§ **To do**
In your copy, leave out the pictures and reproduce the listing below exactly.

§ **Input data**
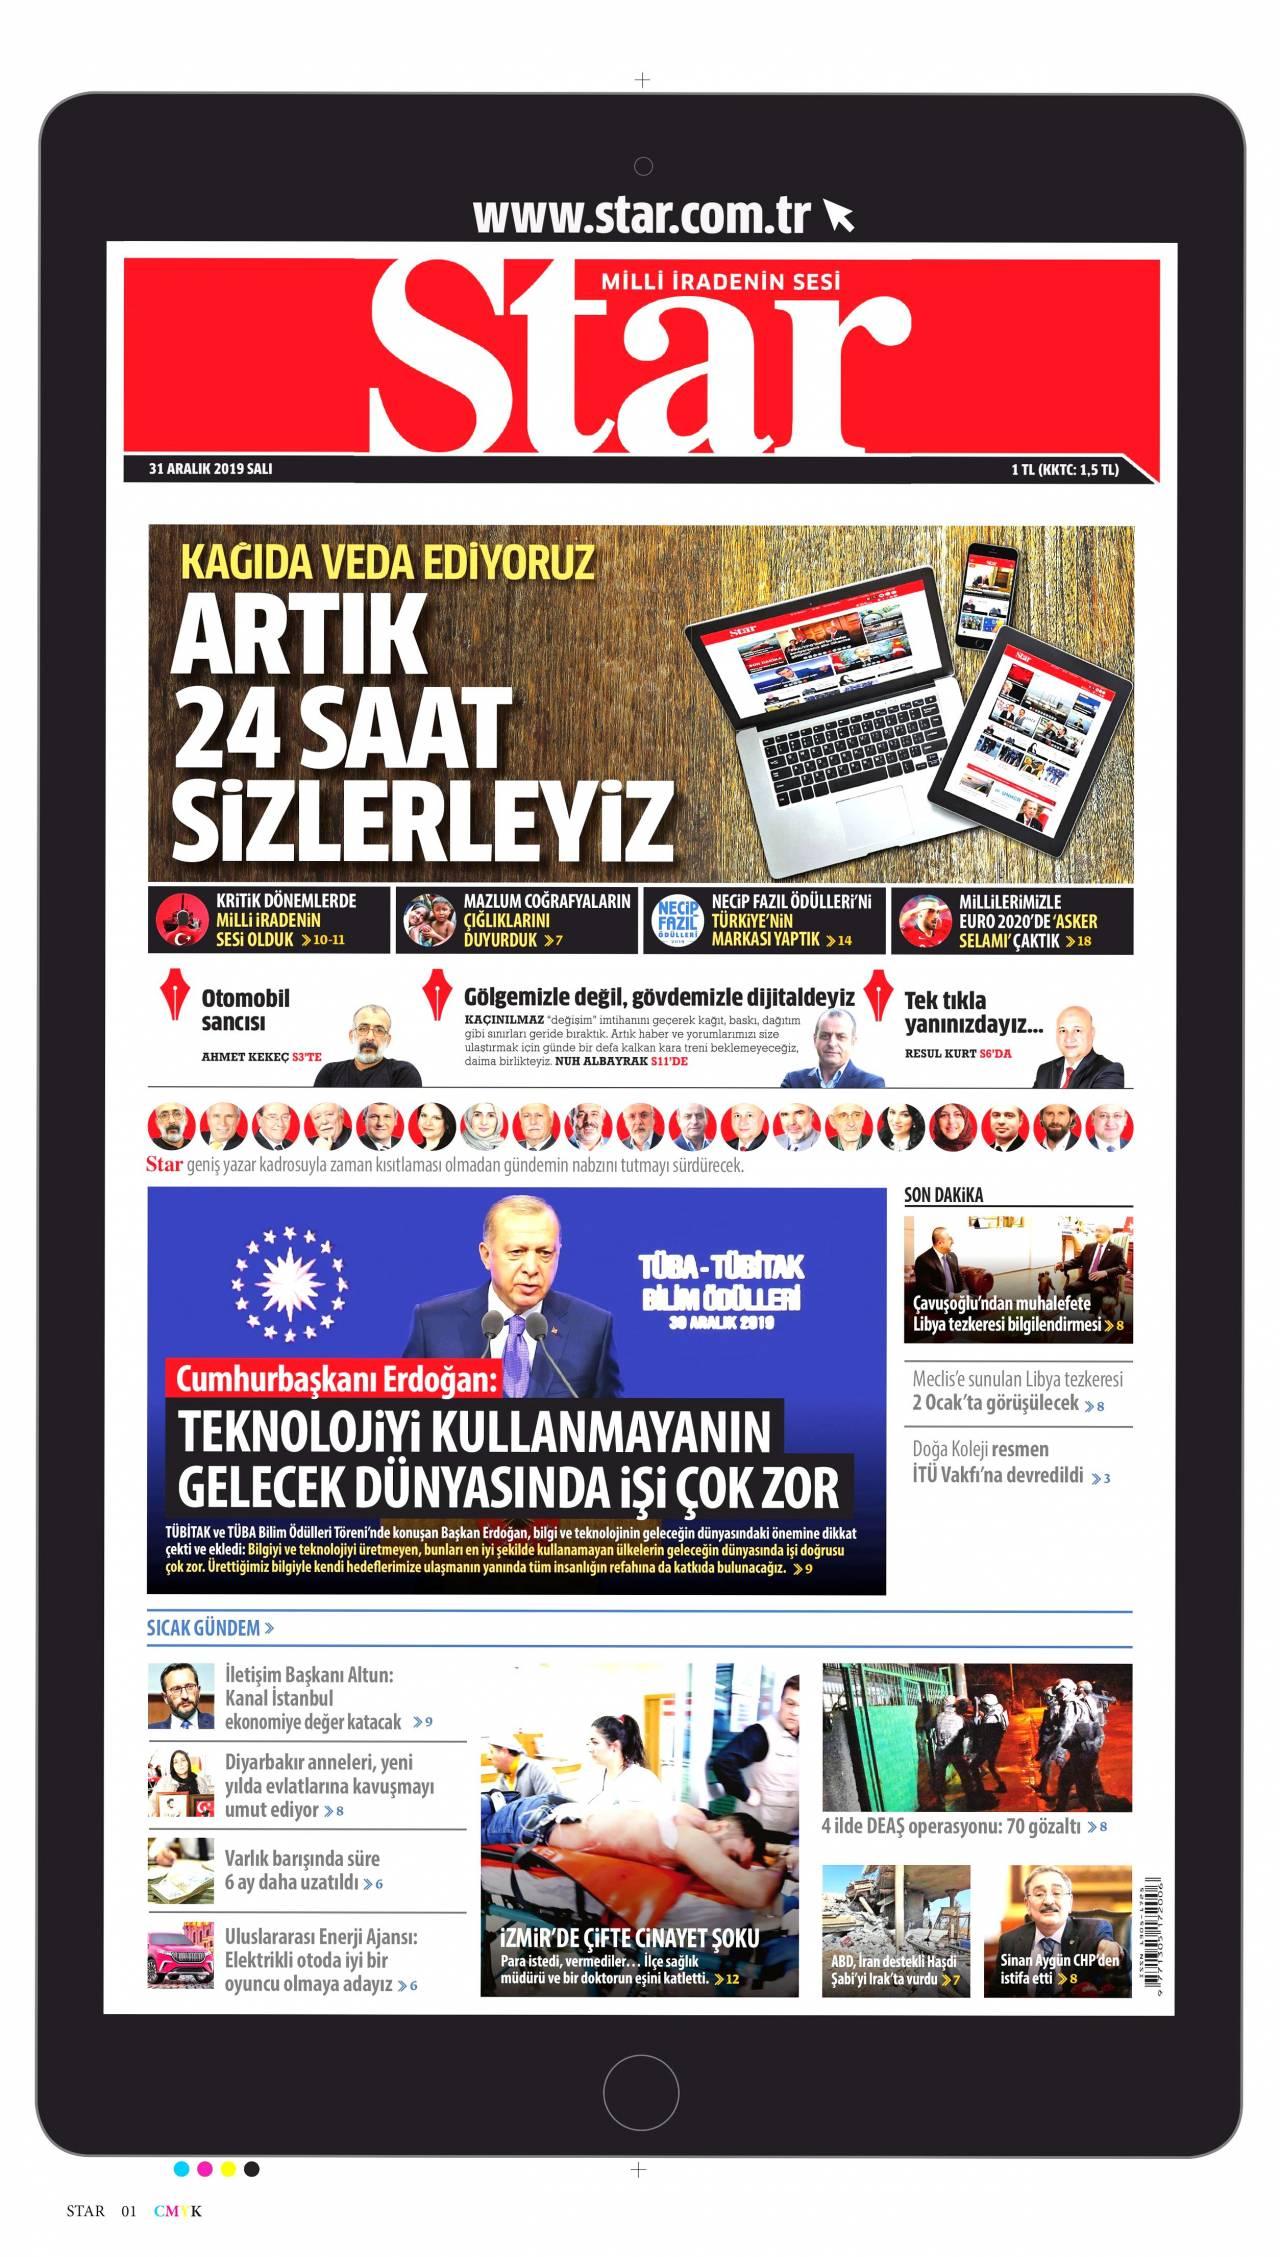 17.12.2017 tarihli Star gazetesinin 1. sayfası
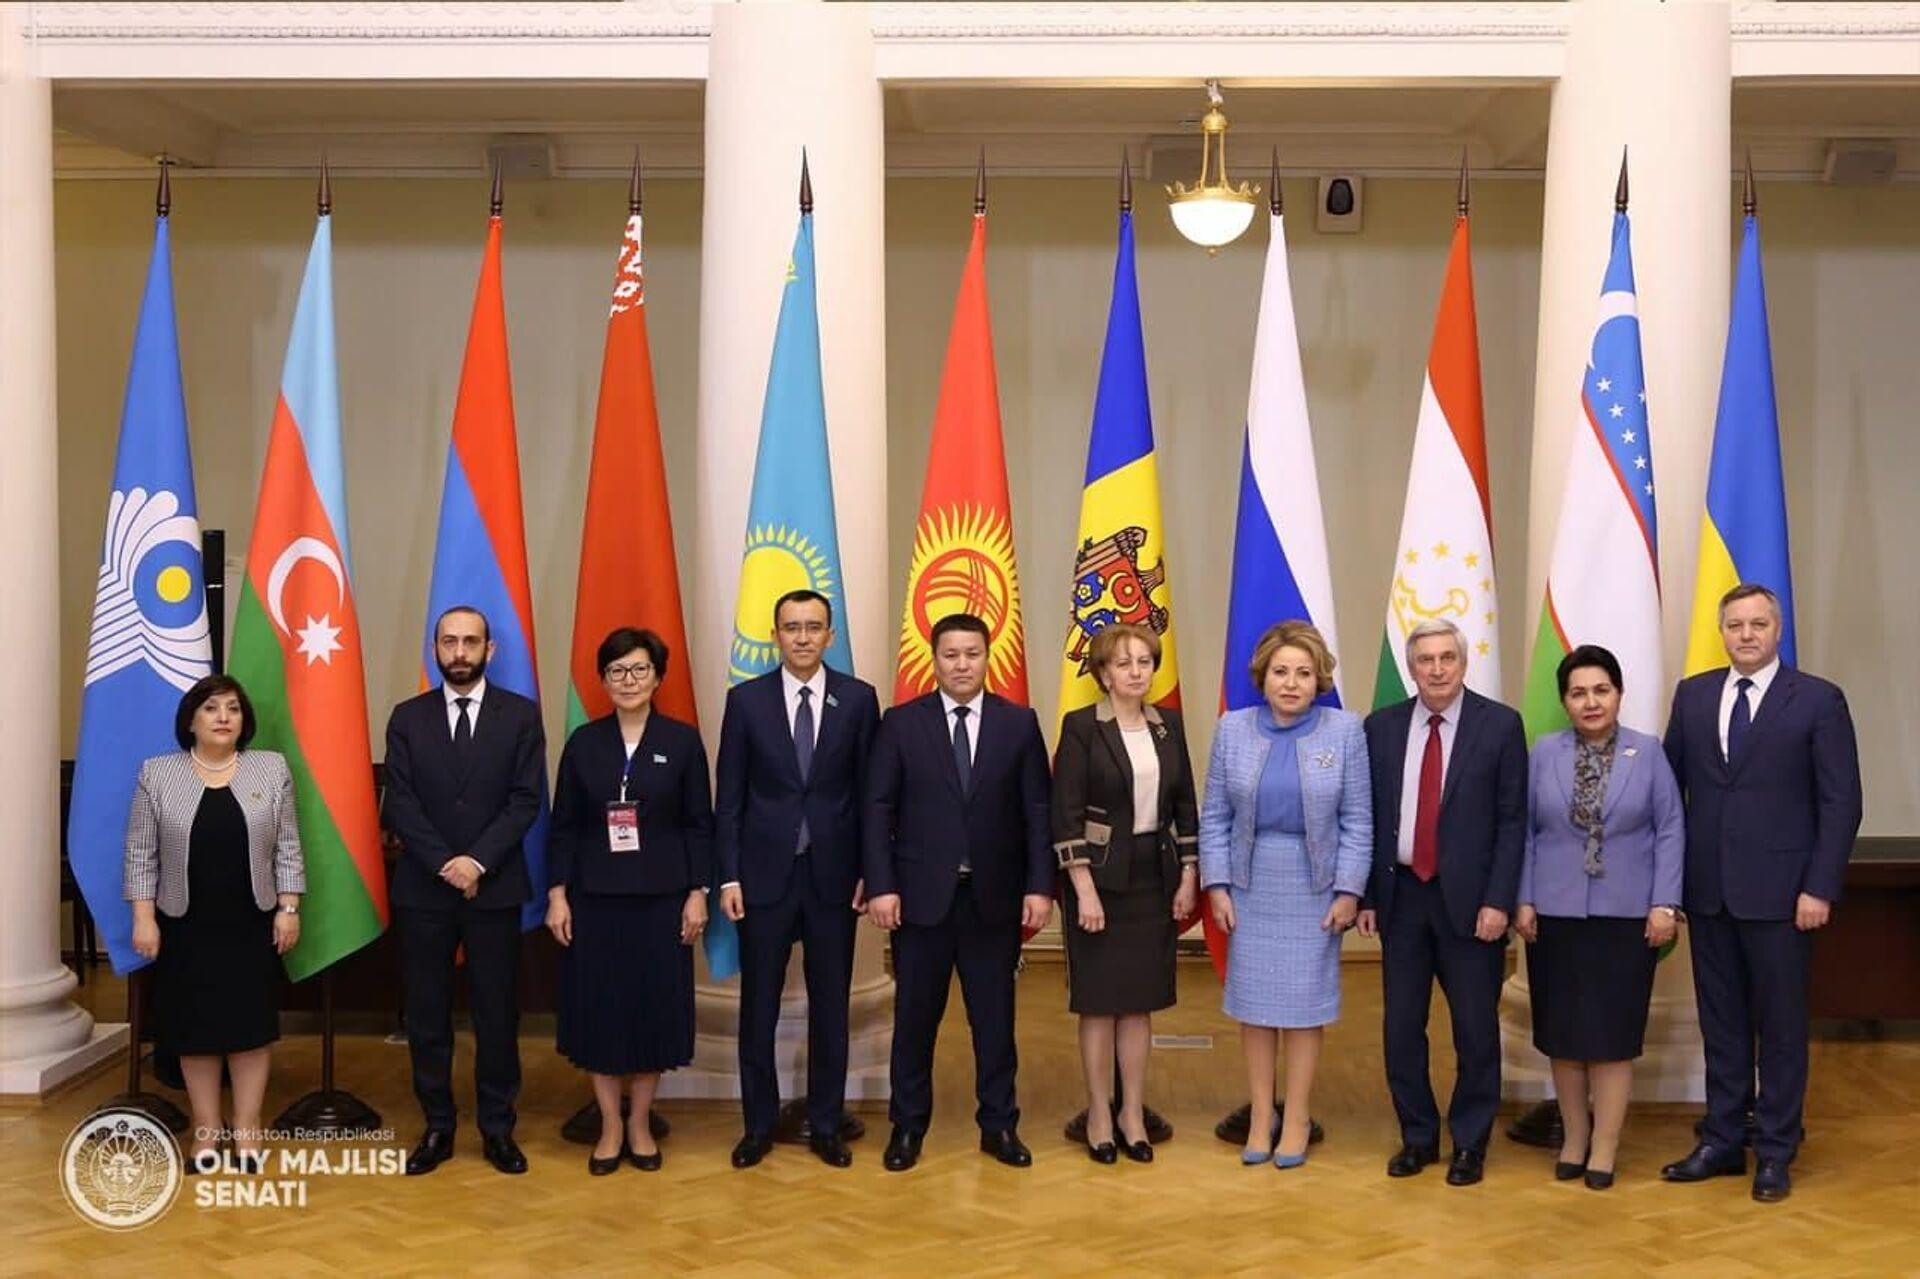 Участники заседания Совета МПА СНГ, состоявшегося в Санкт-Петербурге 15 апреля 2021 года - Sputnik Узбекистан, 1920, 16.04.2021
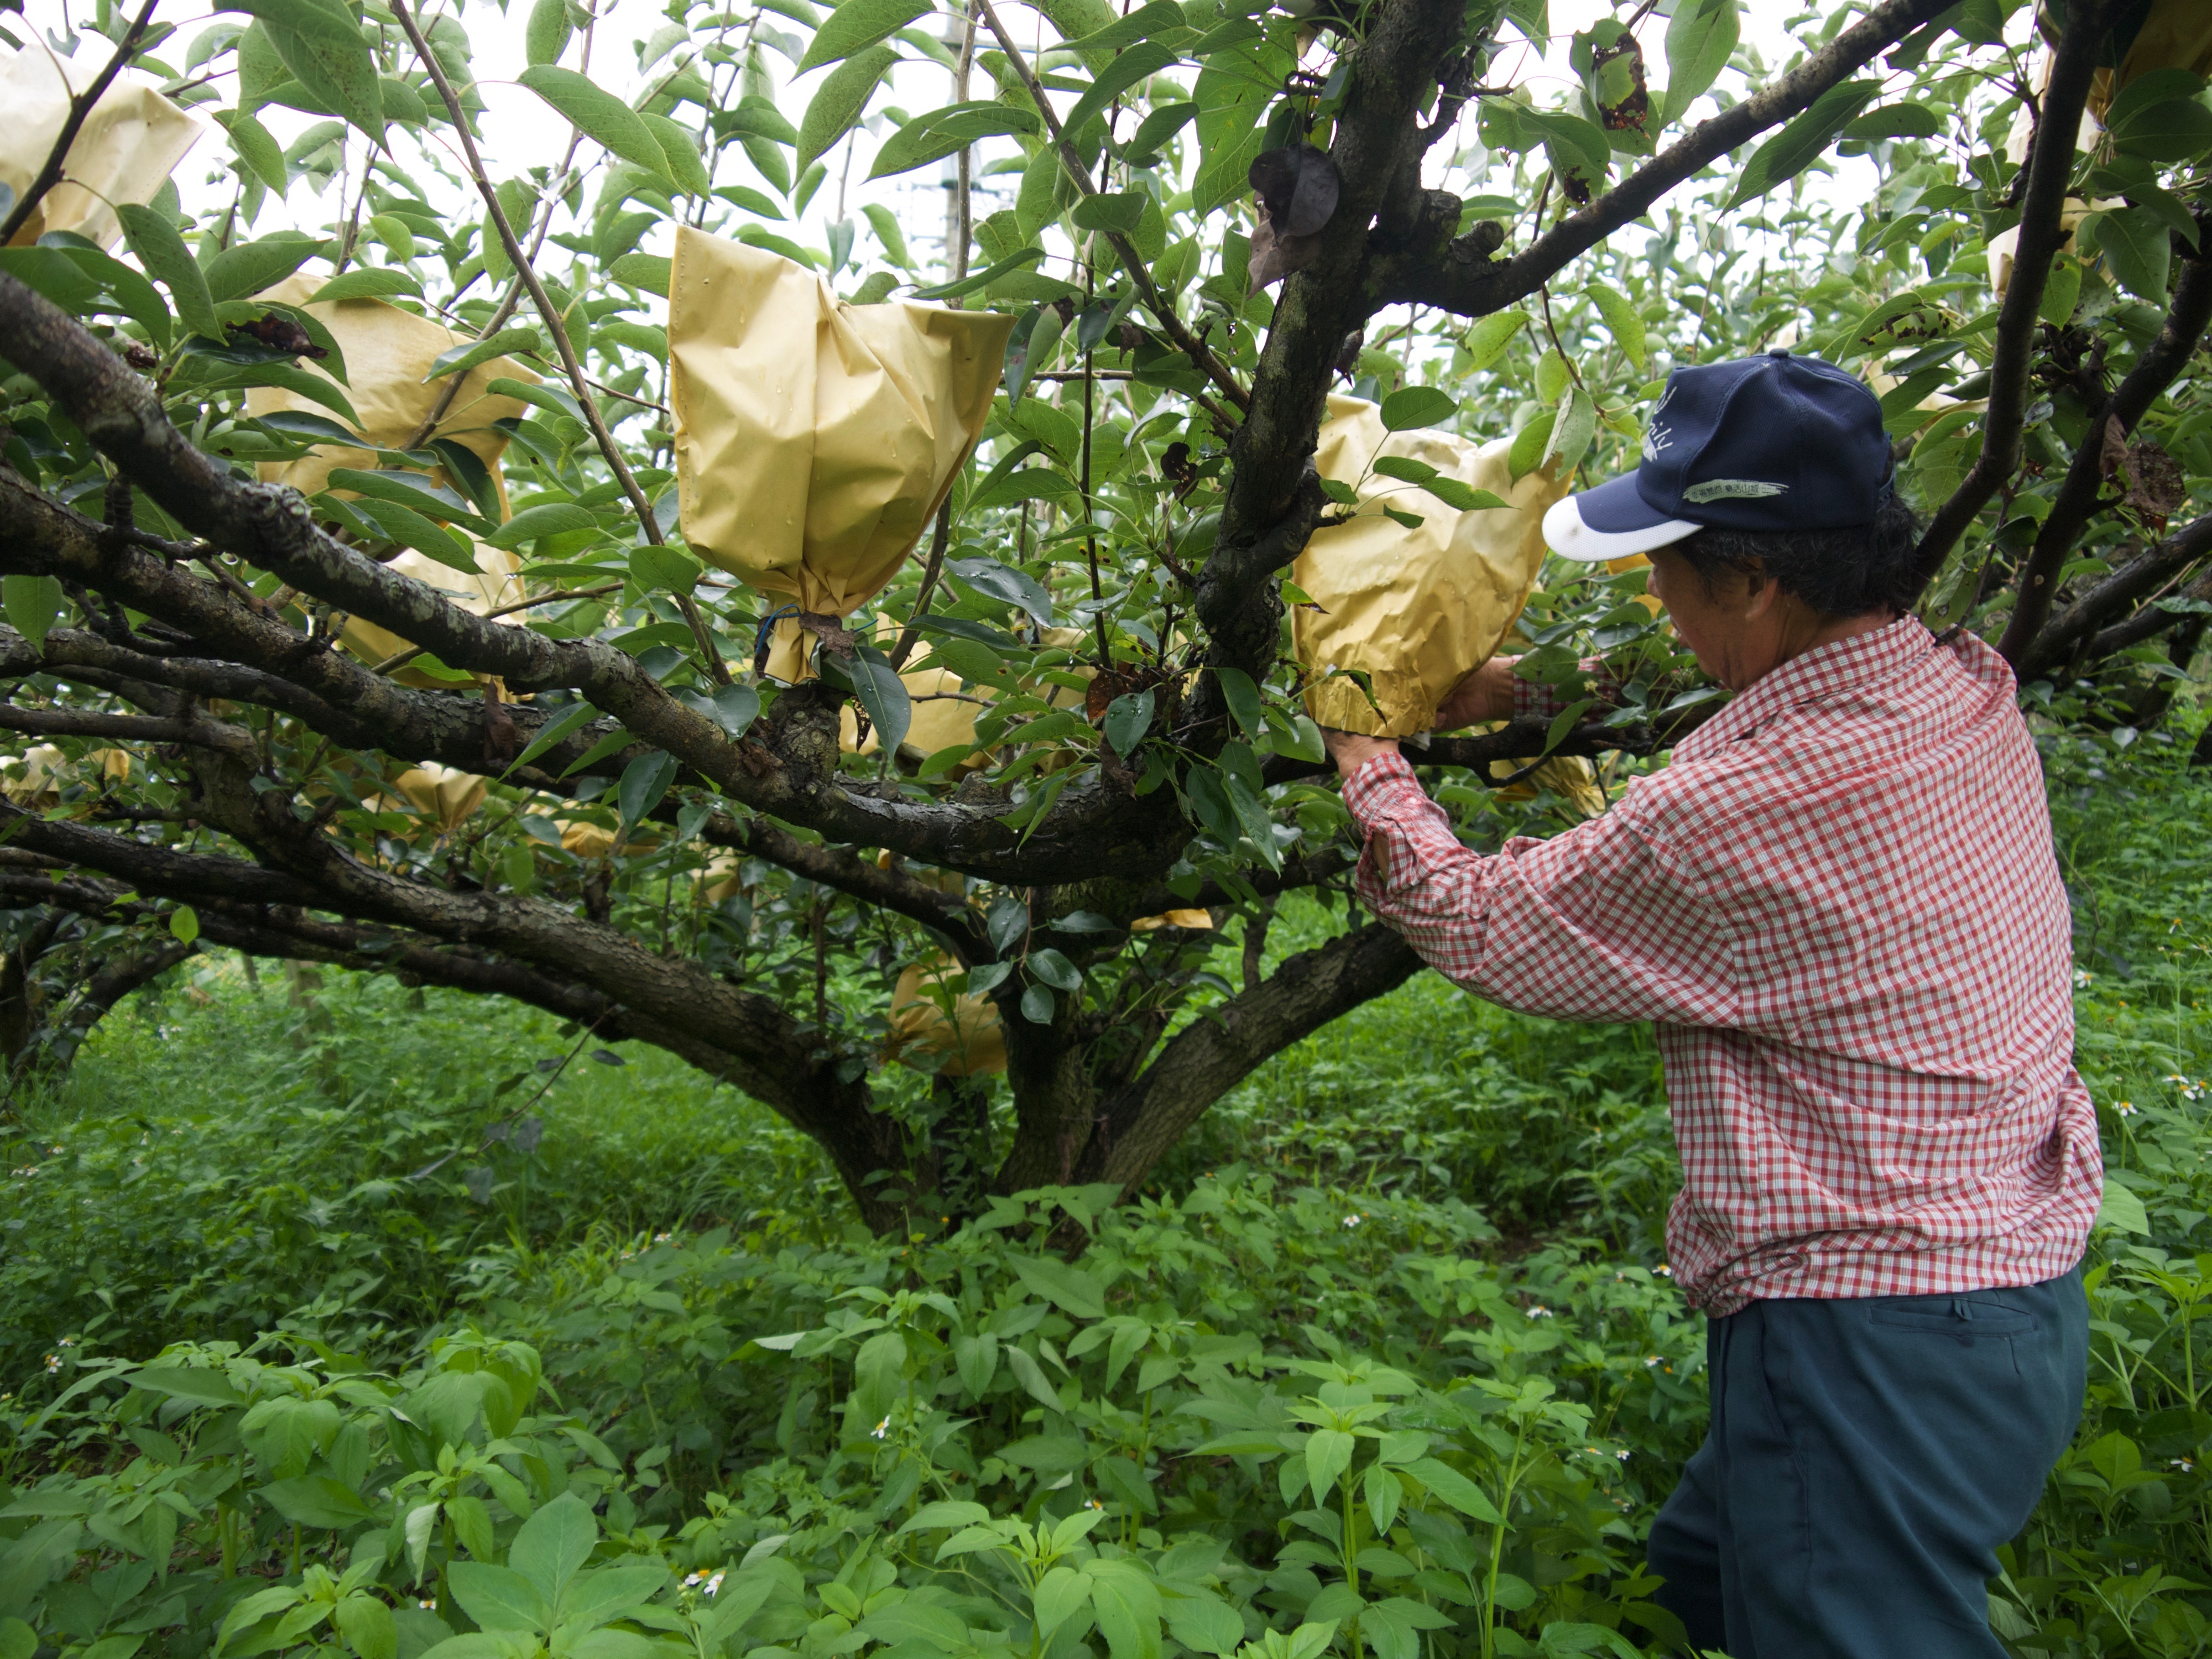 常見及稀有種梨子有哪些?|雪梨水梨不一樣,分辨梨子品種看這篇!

§ **Solution for this task**
 17.12.2017 tarihli Star gazetesinin 1. sayfası
 Участники заседания Совета МПА СНГ, состоявшегося в Санкт-Петербурге 15 апреля 2021 года - Sputnik Узбекистан, 1920, 16.04.2021
 常見及稀有種梨子有哪些?|雪梨水梨不一樣,分辨梨子品種看這篇!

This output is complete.